- About this exercise
With the images removed, return every line below exactly as it reads.

- Collected data

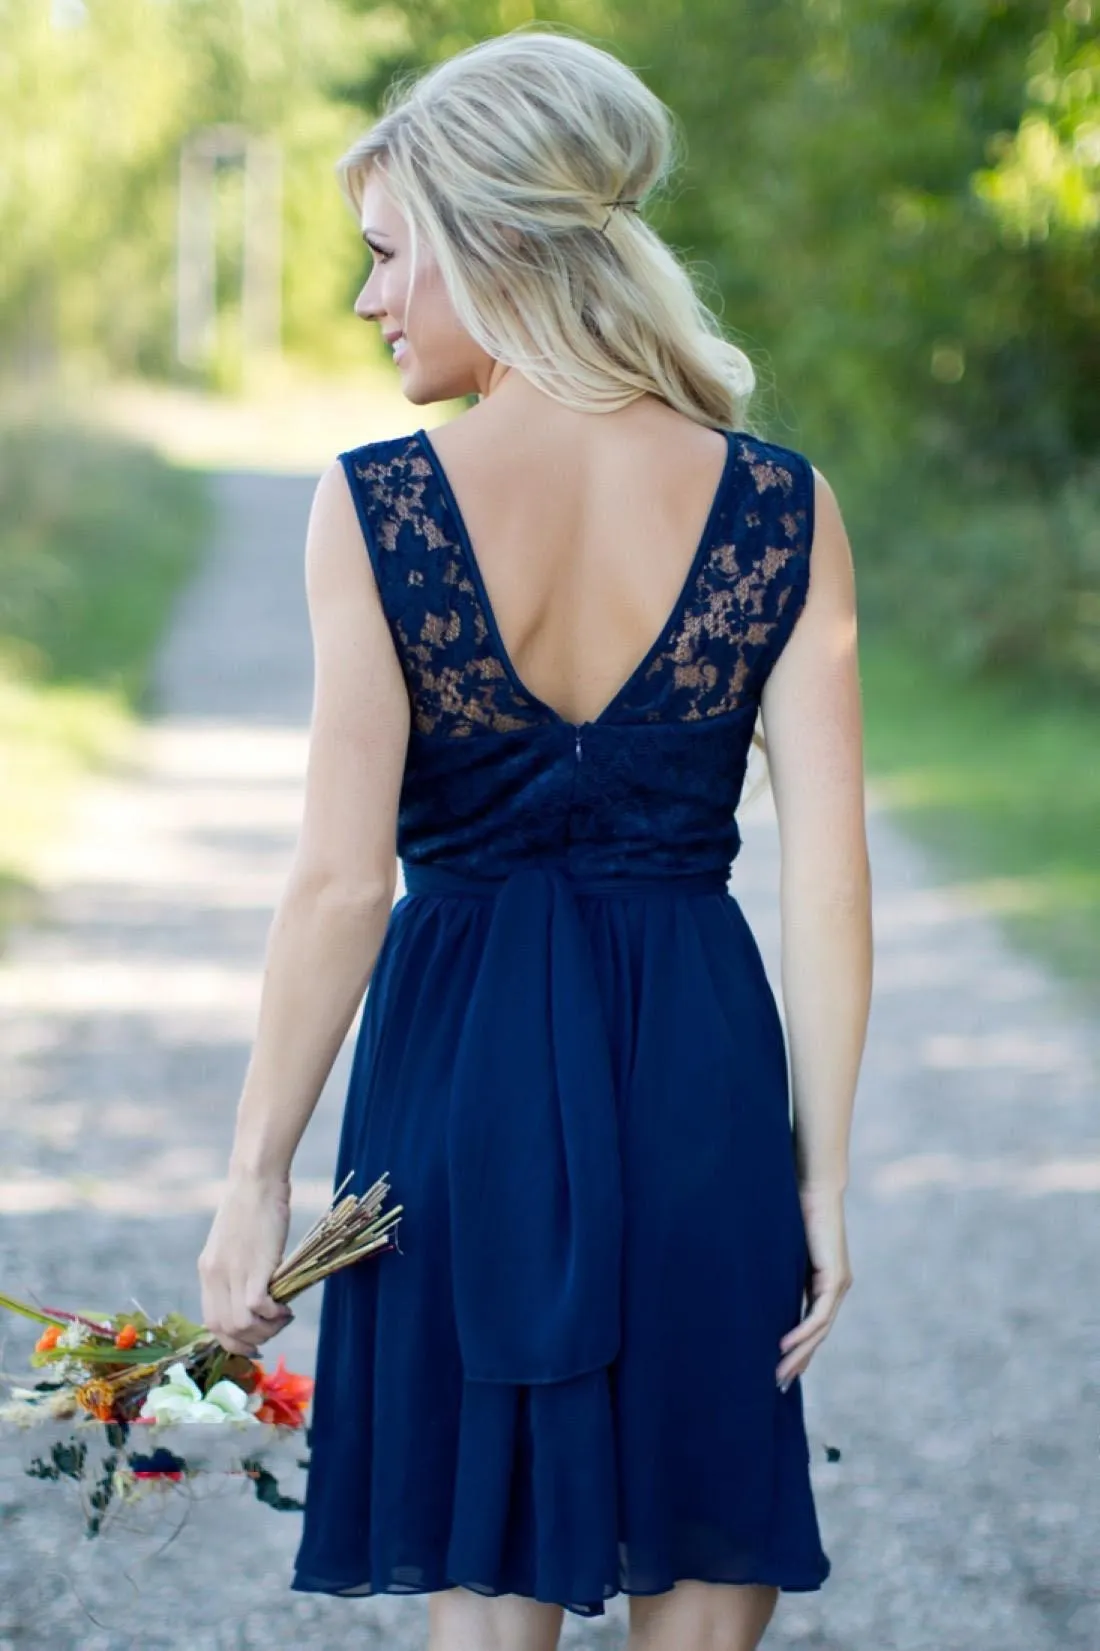 Landstijl Royal Blue Chiffon Lace Short Bruidsmeisje jurken voor bruiloften goedkoop juweel backless knie lengte casual jurken185c
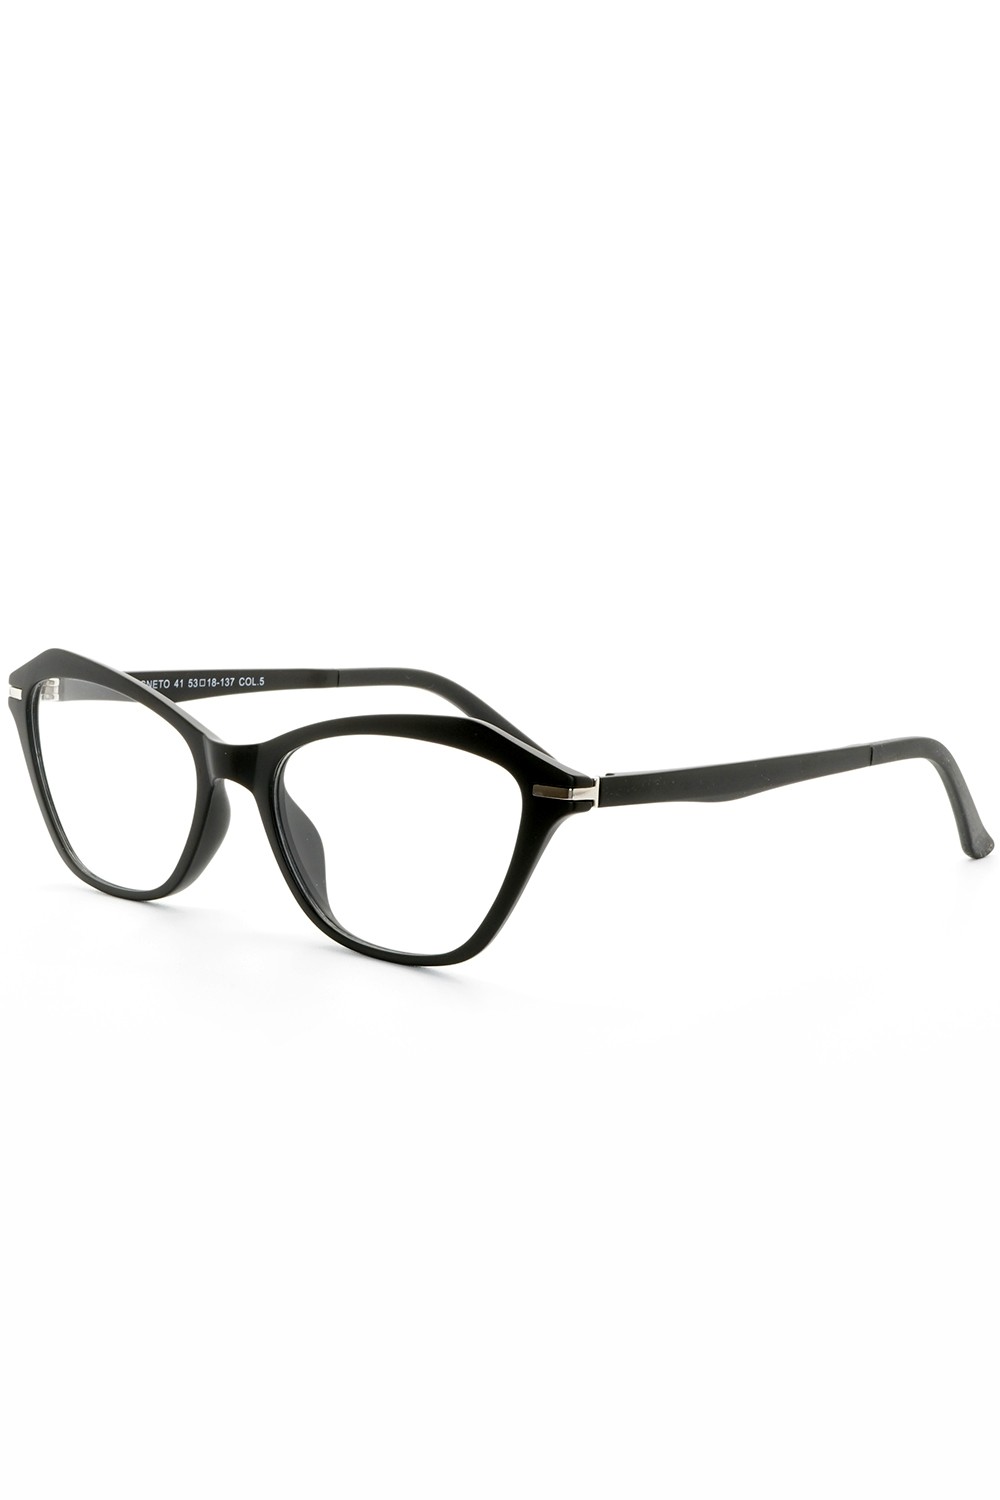 TF Occhiali - Occhiali da vista in plastica con clip solare cat eye per donna
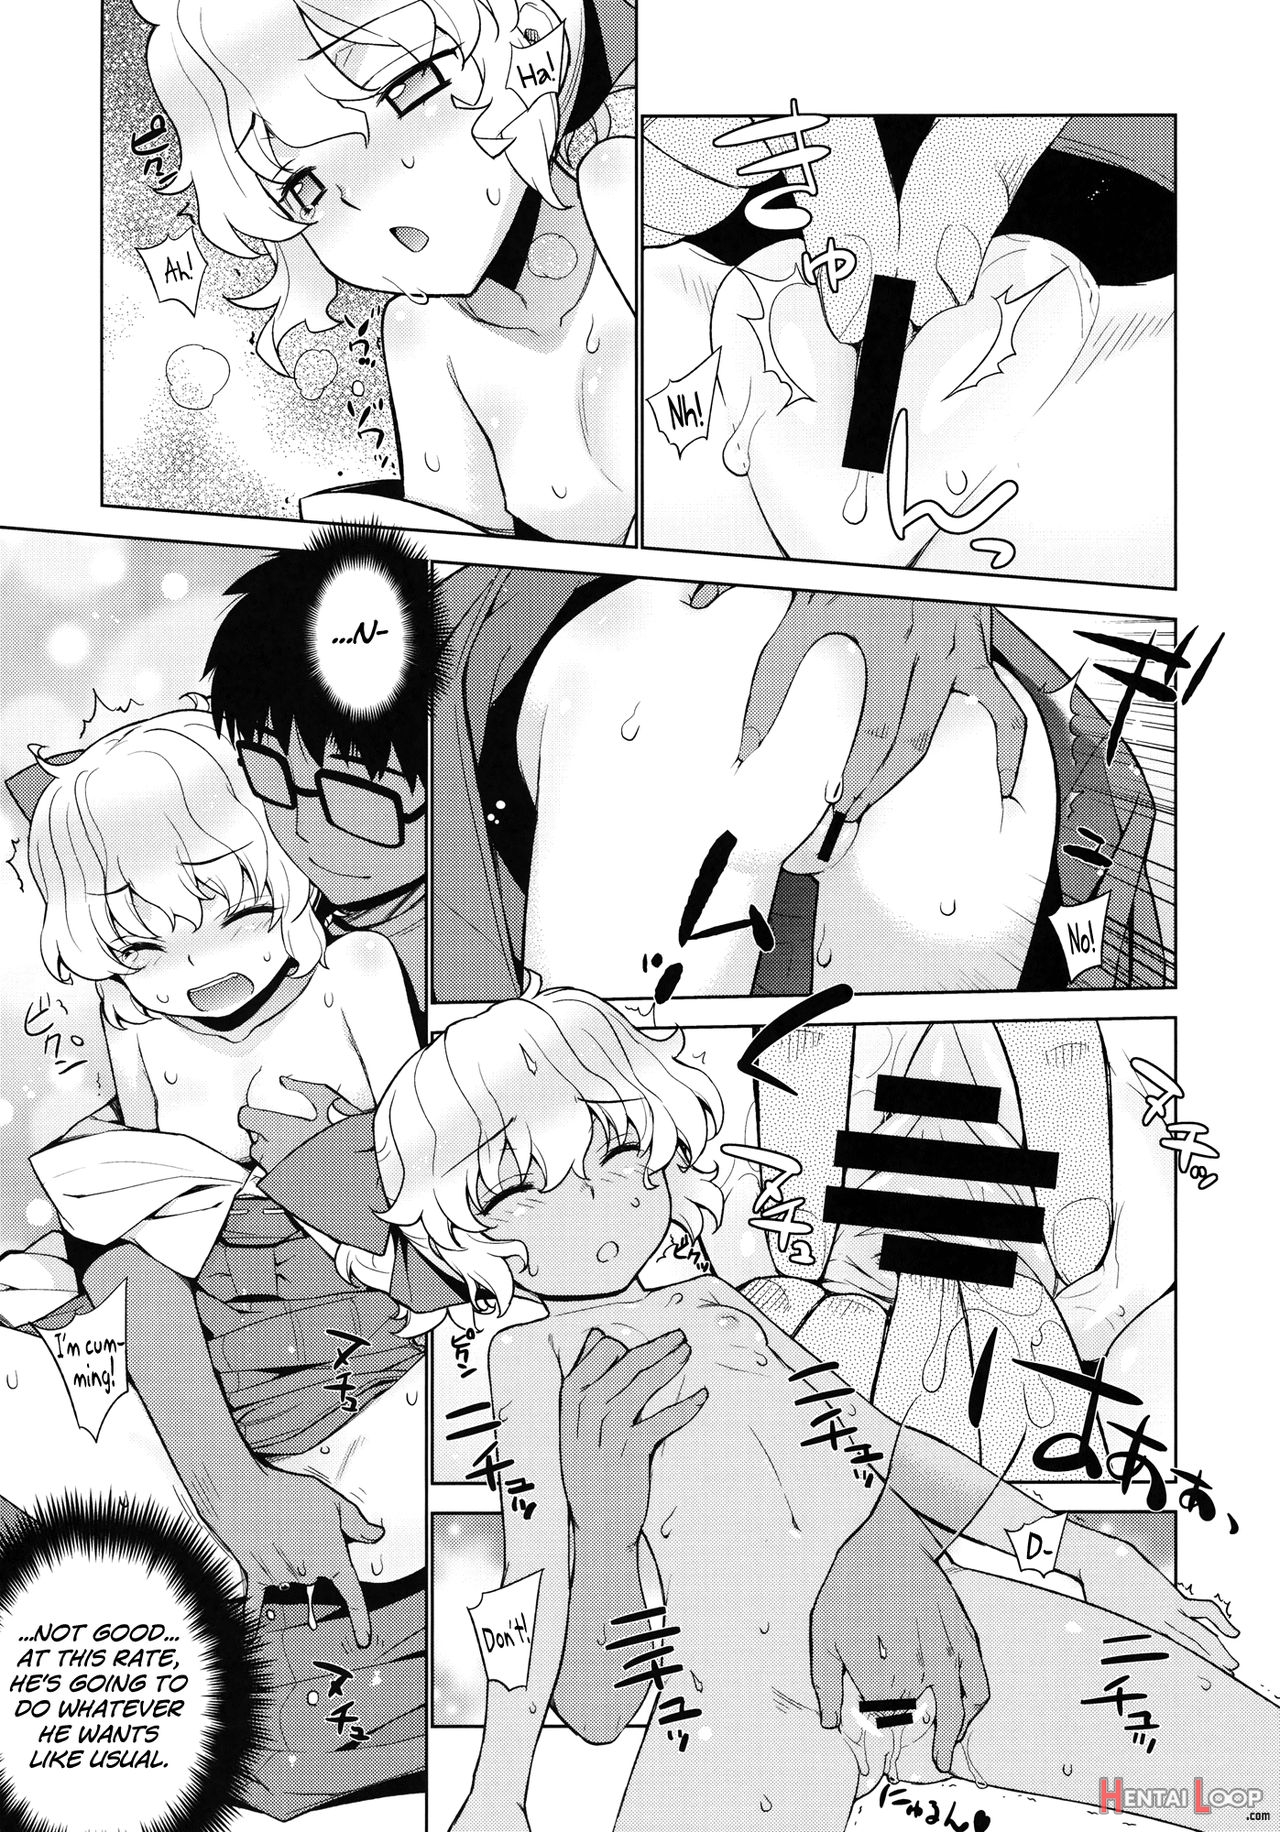 Kanara-sama No Nichijou Nana page 8

- Answer section
 Landstijl Royal Blue Chiffon Lace Short Bruidsmeisje jurken voor bruiloften goedkoop juweel backless knie lengte casual jurken185c
 TF Occhiali - Occhiali da vista in plastica con clip solare cat eye per donna
 Kanara-sama No Nichijou Nana page 8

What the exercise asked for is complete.